Murky smell of thick air oozed.

This is the East End-

When the leaders see our faces

They see nothing. What we feel is poverty

That has drowned our lives.


Where do I start? How do I survive?

These bliss’s that ferociously reap us apart.

The leaders said, with pomp,

‘We’ll improve the economy of our Great Country!

We’ll reflect on medical services for all!

We’ll reform the state of social welfare!’

Mama said, put your head down boy,

Do your very best and let the devil run mad.

What I feel are pains of wretchedness and hopelessness.

Set me free! I need freedom! We all need freedom!

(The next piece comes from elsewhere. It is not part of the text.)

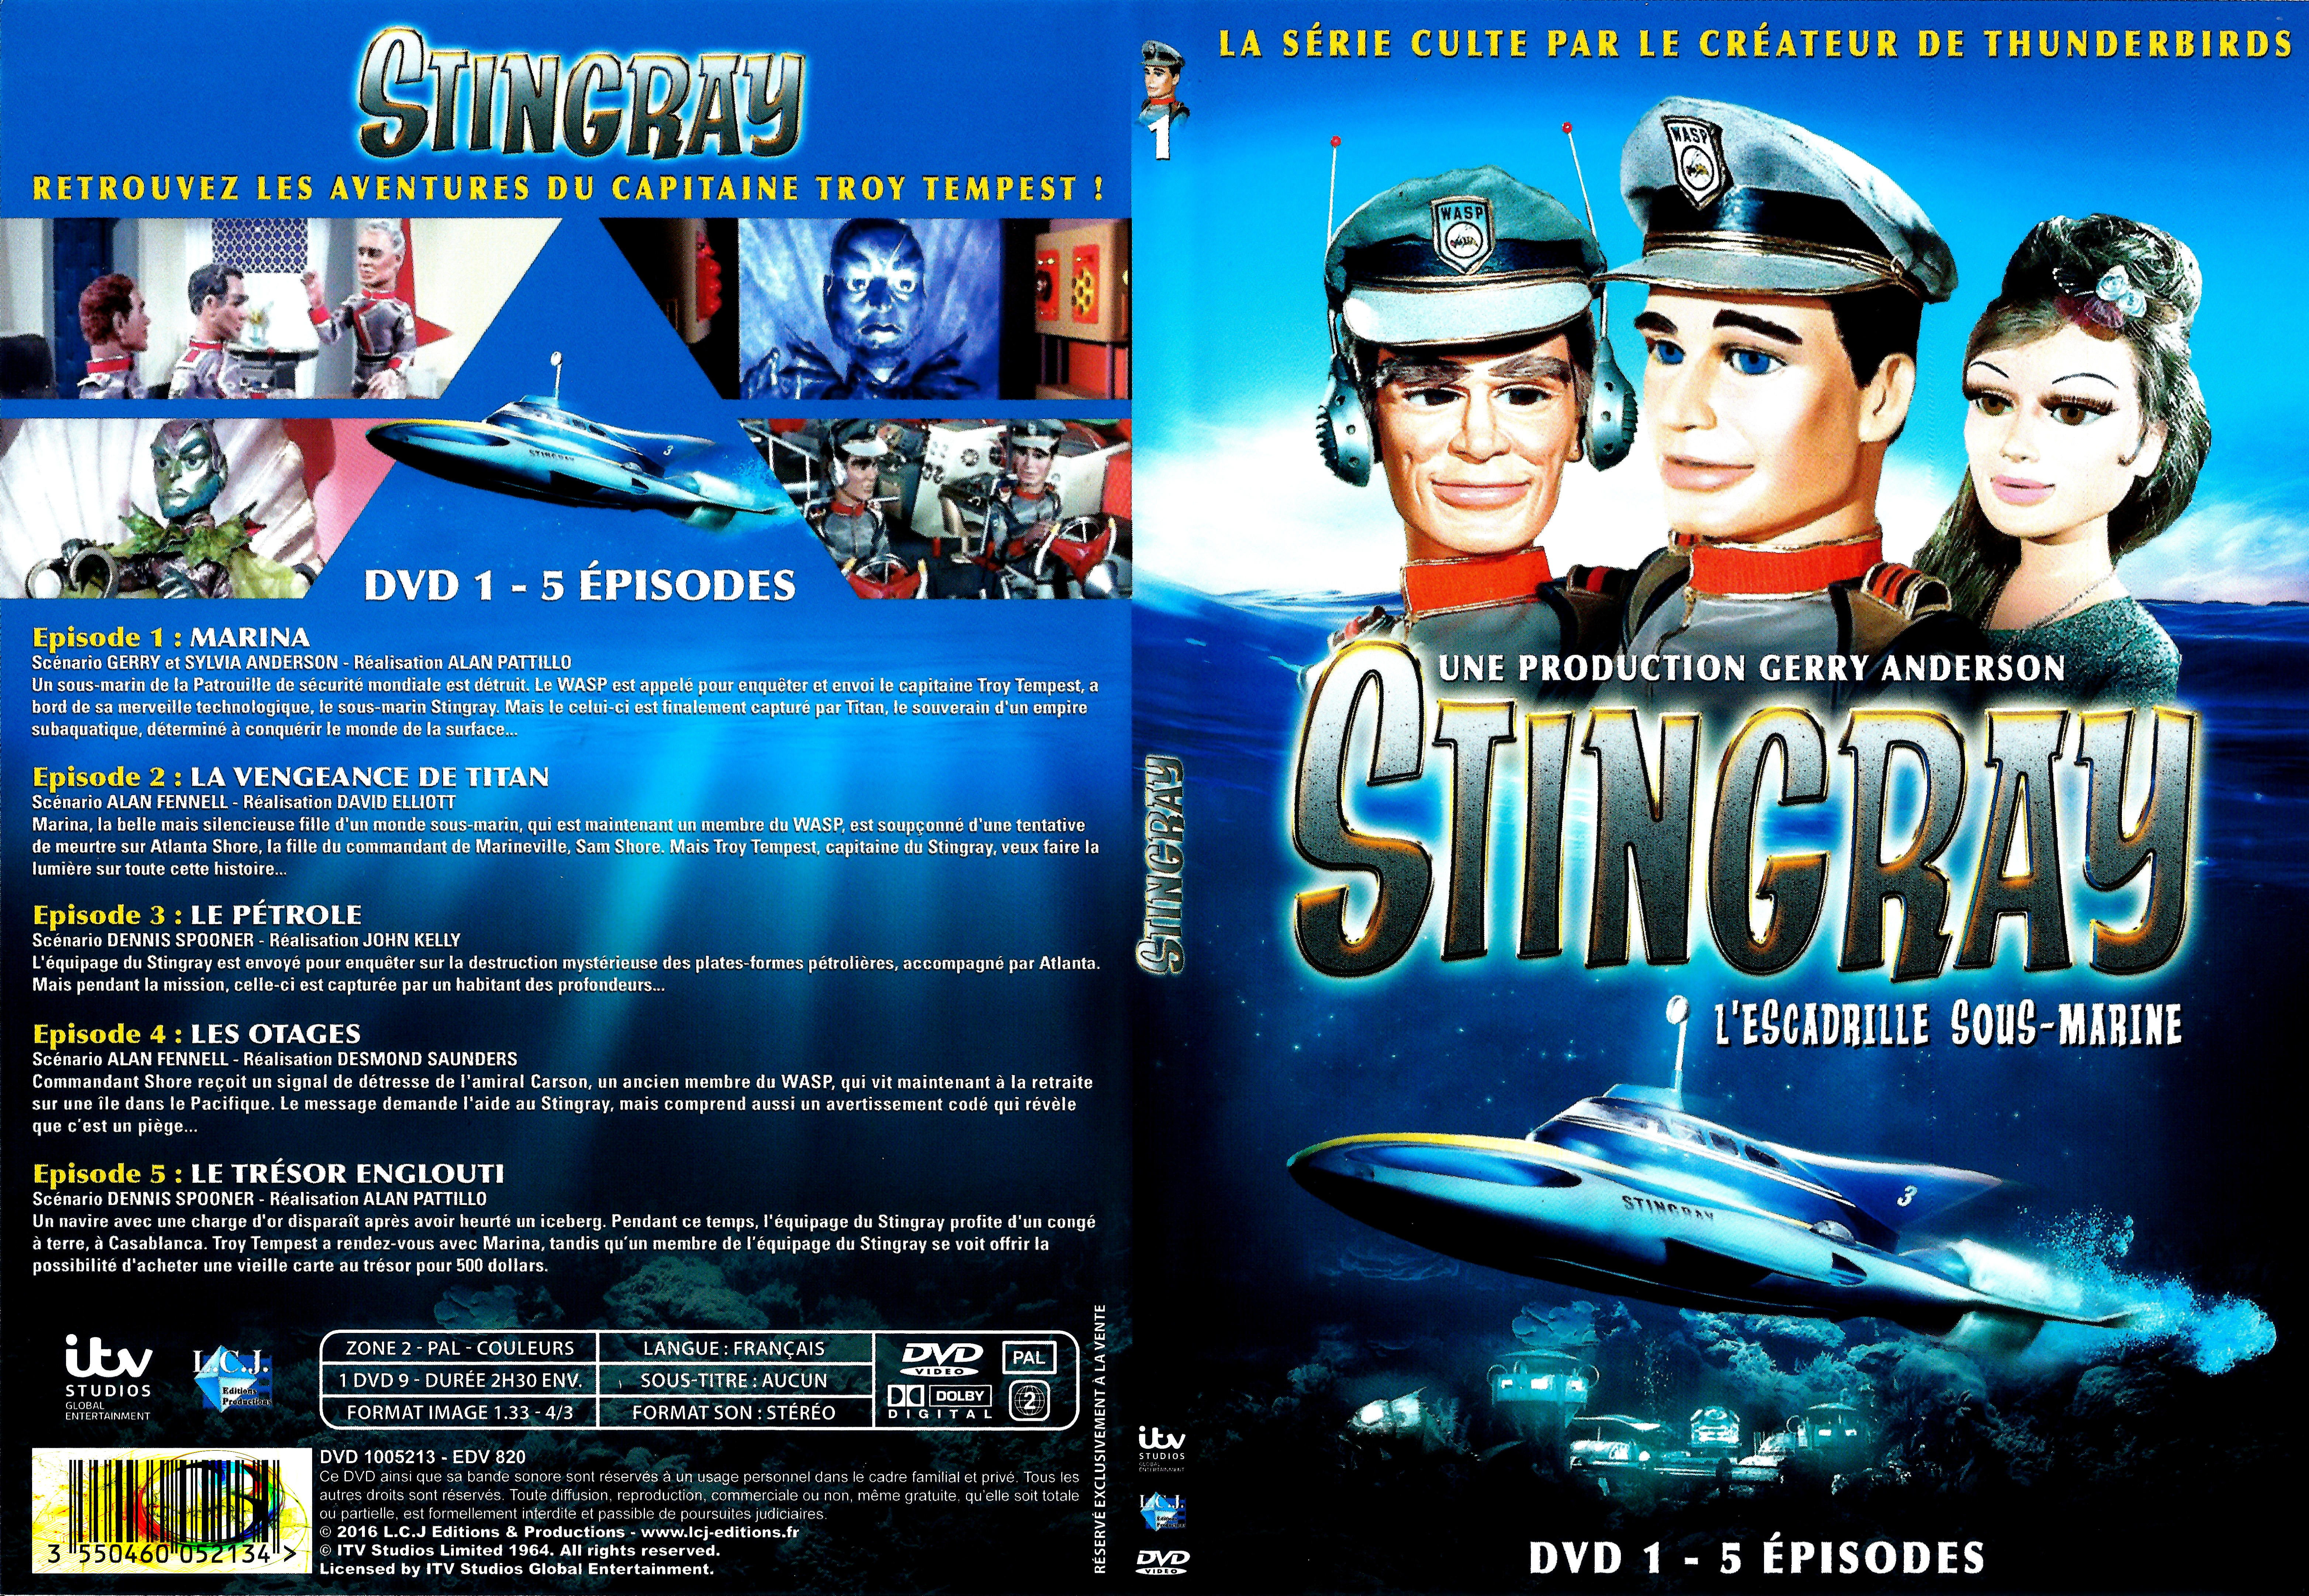 Jaquette DVD Stingray Saison 1 DVD 1

Won’t you come to me soon daylight?

We are the hopeful Voices after the City Lights –

We’ll be free to speak out!

Let me dance one more time.

Let me fall in love with living all over again, dear fucking life!














By Sophie Bowles


Because I

only have friends who

do madnesses unto themselves and never go out on

Saturday night,

only out to the offy, bed & back to hide behind the pillow with the strops and

socks while everyone else laughs and dances away, or robbing the bookies,

I watch

the scenes alone,laughter, and smoke and stilettos

looking for meaning in men and picking my mind

off the floor with the fag ends, striking a match in a strangers eyes but the lights

have died in all of them, I need that one with the black clouds, not mr  happy with his hair preened back roaring his head off, the one who could

hold the leash back and teach me.

I still look for his face in the large crowds

Looking for love in the next one.

I see him dancing away,

come out for a fag could you handle me and everything I have done,

deal with my father, waiting at the door with the silent questions…could you be that

who’d rise up to him and take me out of myself, don’t just pacify, but grab my waist

and smash the life out of the man who ever tried,

I’m spinning… How quickly the night wants to rain down

on my head, in a trail and the girl with the square head and bloodshot eyes puking it out,

looks at me dead,

mind your own, never taking her eyes off the strangers who eye up the orange mess on the streets

I need that arm around my waist of the girl with big tits and glittering lips, tossing at the traffic lights,

oblivious to banging her head on the wall begging for change in the steamed up window,

and crying it out in the city after dark.

I can grip it if I wanted to,

Be that woman who the music and lights long for

Who laughs over glasses and conversation and men in shirts showing lust and affection

And up is the cloud of the future, me, great beautiful bum one day in silver heels, folded into the city’s

dazzling arms by the men pouring shots at the bar, away fom the chips and the

longing for change, I’d be that one who London loves, not spinning.

Loved by London after dark.


By Morghan Nunn-Menson

It was all cast

In colourless tones,

And an air

Of crossed eyes

Weighed down

The streets

Like a military parade.


The birds I heard,

But rarely did I see.

So much life,

Yet so little.


What united us,

It seems,

Were our guarded hopes

And sacred dreams

And the lullaby

Of sunset.


By Sajidah Iqbal


His soul shrouded in a dismal, dreary darkness,

Bereft of as much as, a tiny tinsel of brightness.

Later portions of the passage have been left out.